Have you ever wanted to try another approach to this problem? I know you made the GA solution, but there is a set of really good solvers, such as ALNS, that are known to solve this problem in polynomial time. I would love to see you implementing LKH or something like that in your challenges. Sorry to bother here, i don't know if you got a official local to talk about this.
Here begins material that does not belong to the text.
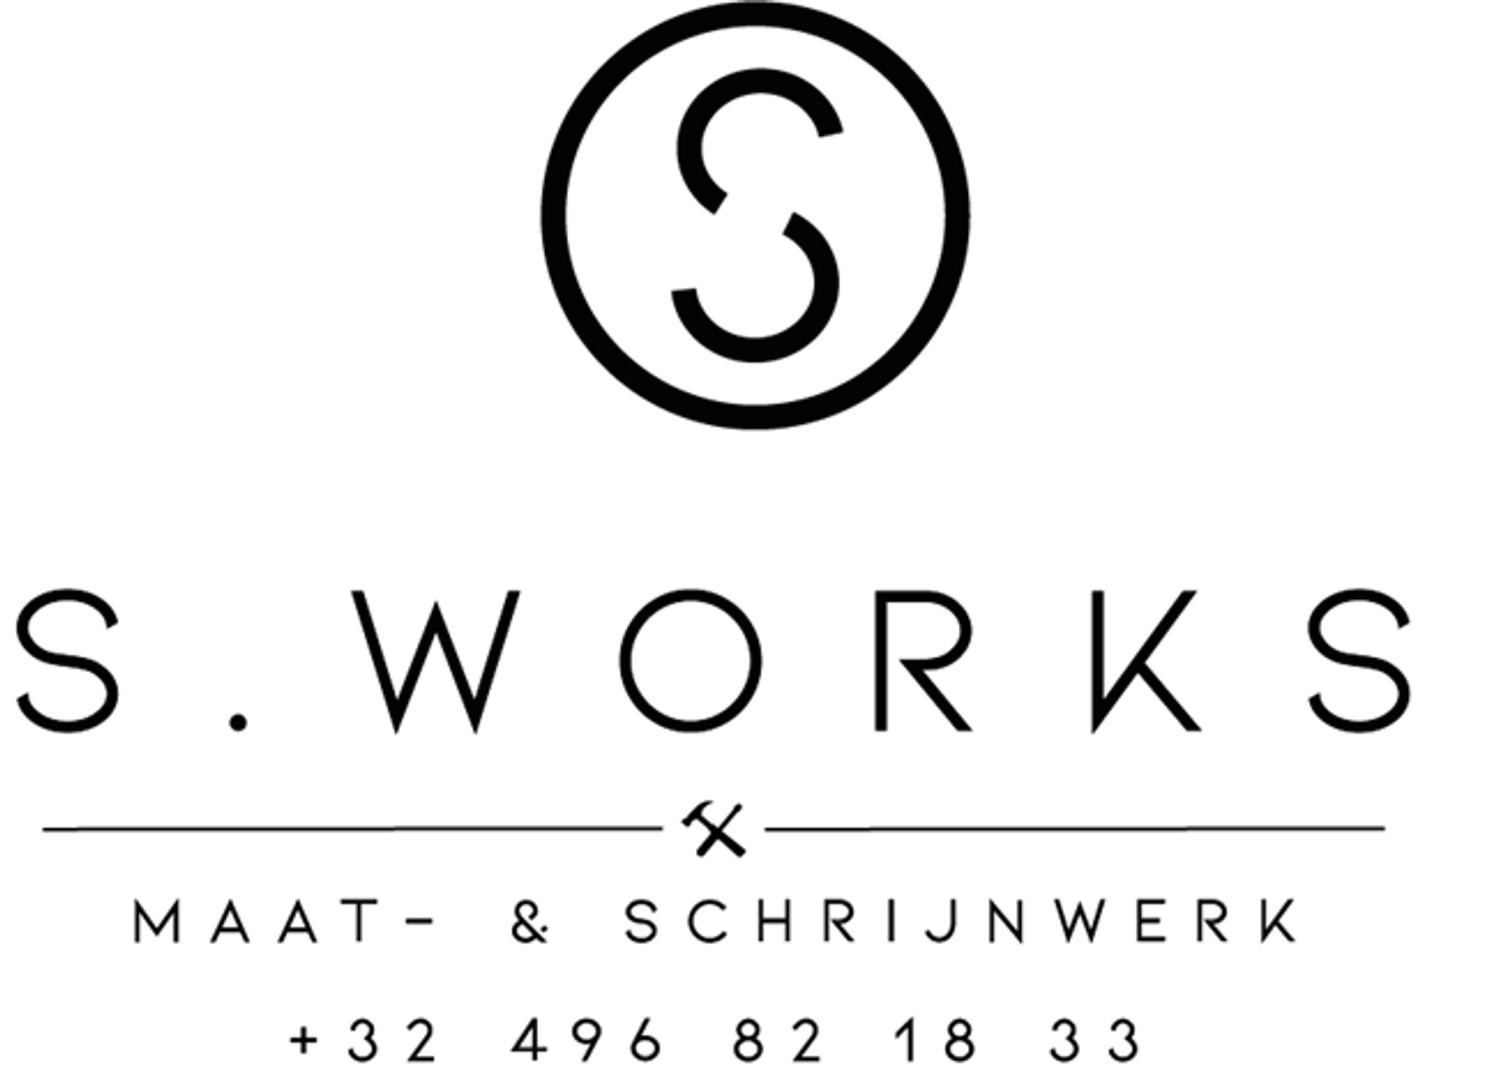 logo S-WORKS

for(int i=0 ; i < totalCity ; i++){ g.drawOval(city[i].x , city[i].y , city[i].width , city[i].height); n = order[i]; if(n < totalCity-1){ g.drawLine(city[n].x , city[n].y , city[n+1].x , city[n+1].y); } } this is java code.. here "order array" is changing correctly but path between cities are NOT updating..it was working before Lexicographic Order.. i am not changing "city array" anywere. plz help
Hi, Dan, this is a really incredible series! I've already used hello.processing to introduce students and colleagues to the platform, and these are a really fun, accessible extension to show them once their interest is piqued. A question: Would it be a huge pain in the kiester to dump these coding challenge videos into your Vimeo account, too? I'm a public high school art teacher (as are a lot of my colleagues who I evangelize to about including creative code in their curricula), and public schools have a nasty habit of blanket-blocking RUclips, while other streaming services like Vimeo tend to be permitted. If that would be a huge timesink for you, I totally get it, though (and I can just keep ripping MP4s to show in my classroom...).
I can share a google drive folder with you which might be easier. I want to do this, but don't really have the time to maintain both platforms and also worry about splitting the audience. I need to think about this more, can you contact me via e-mail or twitter?
I believe part of the travelling salesman is the salesman has to return to his home city and so completes a loop. Any ideas on including this in the next one as well?
There are much better algorithms. The one presented in this video is all about brute force (testing all possibilities). It is slow because for N entries, we have to check N! (N factorial) possibilities. Look up for Dijkstra's shortest path algorithm. With this one, we have to check N^2 (N squared) possibilities, much better... For 10 cities, for example: Brute Force = 3.628.800 checsk, Dijkstra = 100 checks. The difference grows with the growth of N. Today there is a better implementation of Dijkstra that runs in (N*logN or M, M beeing the number of edges)...
@@gmbueno Dijkstra can't solve this problem, it only gives you the best path between 2 cities. The TSP requires the optimal route to travel all the cities. For bigger cases , ie: google maps, it's used heuristics that can approximate the result from the optimal solution. Currently it's possible to calculate the best route of milions of cities with < 3% difference from the optimal solution in a reasonable time.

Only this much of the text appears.